The reserves of the Central Bank pierced US$40,000 million: the market awaits measures

However, that trend was reversed as of January, when the sales streak began. Throughout the first month of the year, the Central sold a total of $190 million and, in the first 14 days of February, they reached $500 million, but this Wednesday it made the largest disbursement in the Mercado Único y Libre of Changes (MULC) of the year, for US$292 million. So, BCRA sales throughout this month they are located around US$790 million.

LNG regasifier boat 2.jpg

Early LNG imports will save the government dollars.

The BCRA made the biggest daily sale of the year

This Wednesday’s was also the biggest daily sale since november last year and responds that a payment of energy import for US$262 million corresponding to an advance purchase program for this input (more precisely LNG, liquefied gas), which began to be implemented this Wednesday and which, according to estimates by the Ministry of Economy, will allow savings of around US$2. 100 million.

“In this way, the US$3,465 million that Argentina was going to spend is reduced to US$1,313 million, generating a saving of currency outflow for Argentina and in fiscal matters, of more than $500,000 million,” he said. the ministry.

According to official sources Scopethe payment of this Wednesday was “the first impact on the market of these purchases and the handling of the reservations allows us to face these payments”. And they assured that the negative balance that is observed at the moment is within the projections that are handled.

In this sense, they assured that they will be able to face the payment of imports and energy and ruled out that it is necessary to generate a recession to curb imports and show reserve accumulation at this stage of the year.

Concerned regarding the goals of the IMF

However, the concern of various analysts in the City at this time is that the BCRA will have difficulties meeting the reserve goal of the International Monetary Fund (IMF) at the current rate of sales.

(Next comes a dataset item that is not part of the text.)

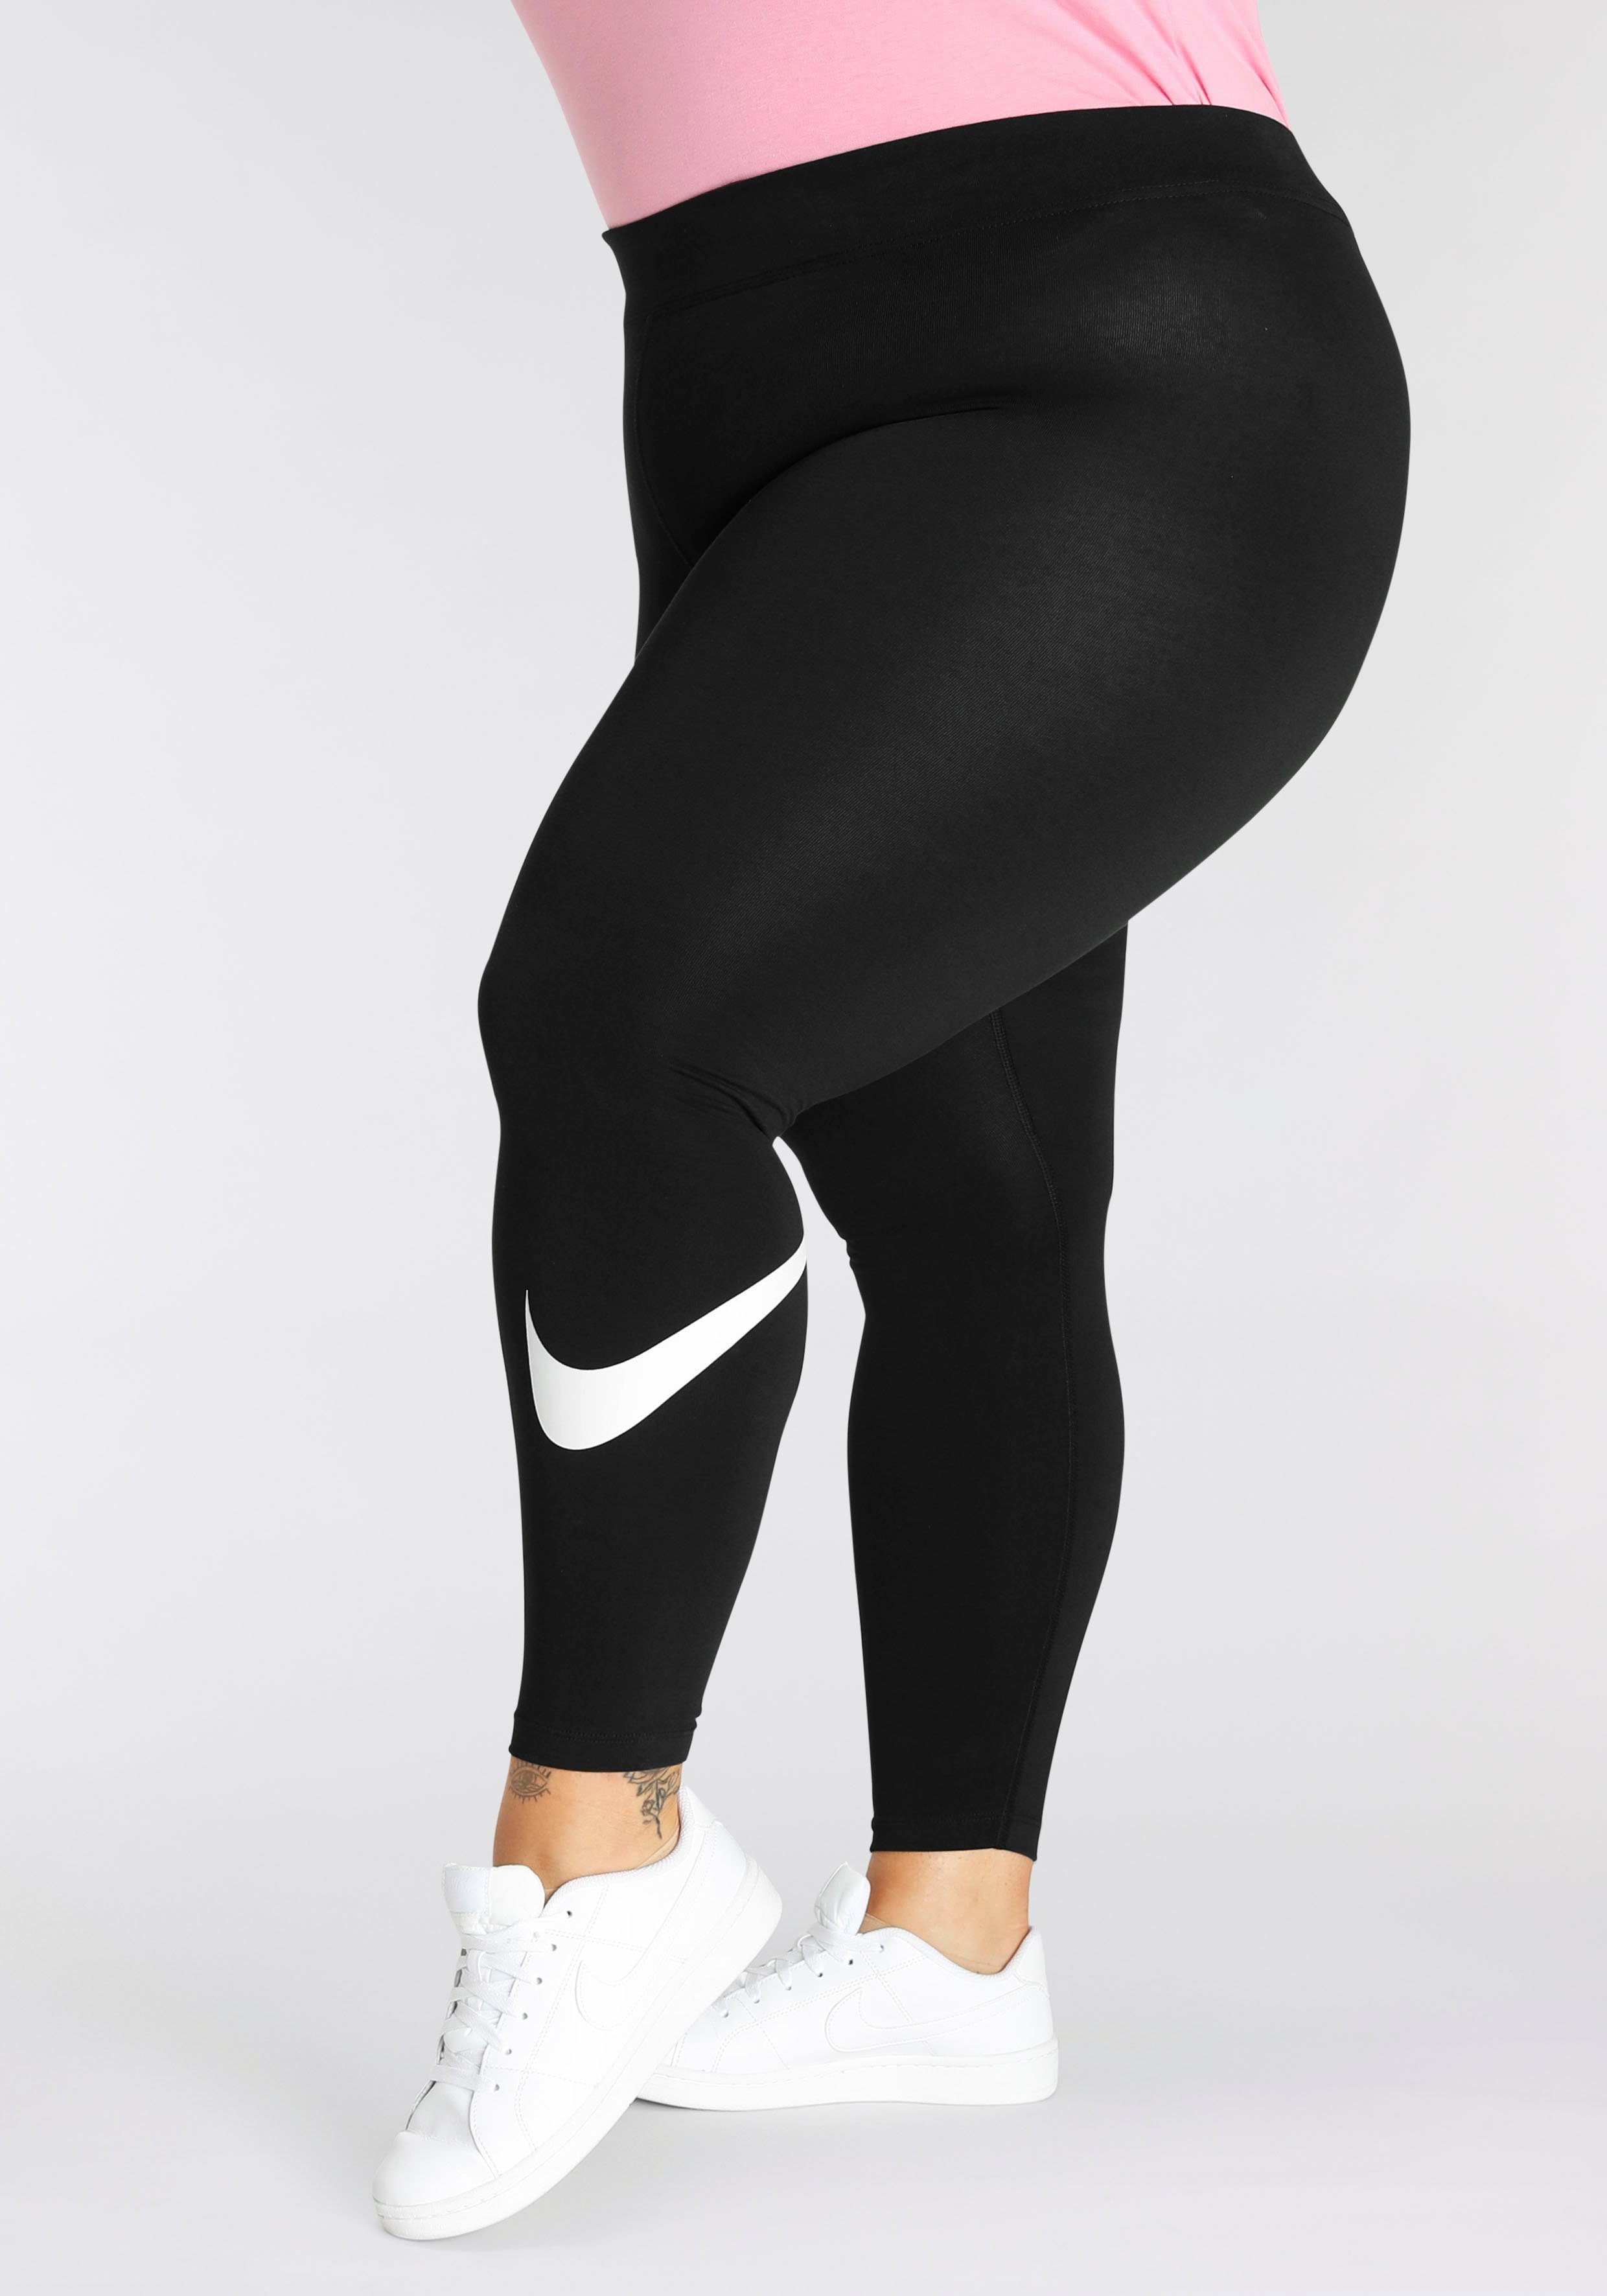 Leggings Sportswear (Plus Mid-Rise Essential Nike Swoosh Size) Women's Leggings

It needs $1.7 billion to meet that goal, according to market estimates.

“Even assuming that The IMF ‘brings its bow closer’ to the BCRA Lowering the goal due to the situation of wheat, which is usually the main source of foreign exchange during these months and the harvest (in quantities) would fall by almost 45% compared to the previous one due to the drought, the panorama is complex”, says the economist from the consulting firm Invecq, Juan Pablo Albornoz.

That is why most market voices point out that “they are going to have to invent something” so that more dollars enter in the coming months, although the Government has recently denied the implementation of a soybean dollar 3, at least for the moment.

Is the new soybean dollar coming or is it removing withholdings?

The question is what might they do? And, Albornoz points out that “some say that might implement a temporary drop in withholdings”, but warns that it is difficult for this to come true due to “the fiscal impact that this might generate”, in a context in which the Government also has deficit targets to meet.

This is a key difference with the implementation of a differential exchange rate, such as soybeans 1 or 2, which have also had an impact on the quasi-fiscal deficit they generate and their consequent negative effect on the BCRA balance.

The big problem, as stated by the EcoGo economist Lucio Garay Méndez, is that “once the Government offered the ‘carrot’ to be liquidated, as was the payment of a differential exchange rate, expectations are adapted.” He assures that this is what is happening today: the exporters advanced sales, on the one hand, and, on the other, they wait for a new incentive to liquidate”.

Meanwhile, the field liquidate the essentials“, says. And this occurs in a context in which the countryside is facing a drought, which means that there will be a lower supply of foreign currency, and on top of that, it has a quarterly goal in March with the IMF.

In this sense, Garay Méndez also points out that they should launch some measure to reverse the situation and points out that “a new soybean dollar makes more sense than a reduction in withholdings because, although it is the same for the exporter, it is not the same for the treasury in a context of fiscal weakness”.

In conclusion, analysts expect that the trend will remain a seller for the Central as long as it does not grant incentives and everything indicates that it would become a buyer if they resume this type of policy, as it has done since the arrival of Sergio Massa at the Ministry of Economy.

Share:

Facebook
Twitter
Pinterest
LinkedIn

Leave a Reply

Your email address will not be published. Required fields are marked *

This site uses Akismet to reduce spam. Learn how your comment data is processed.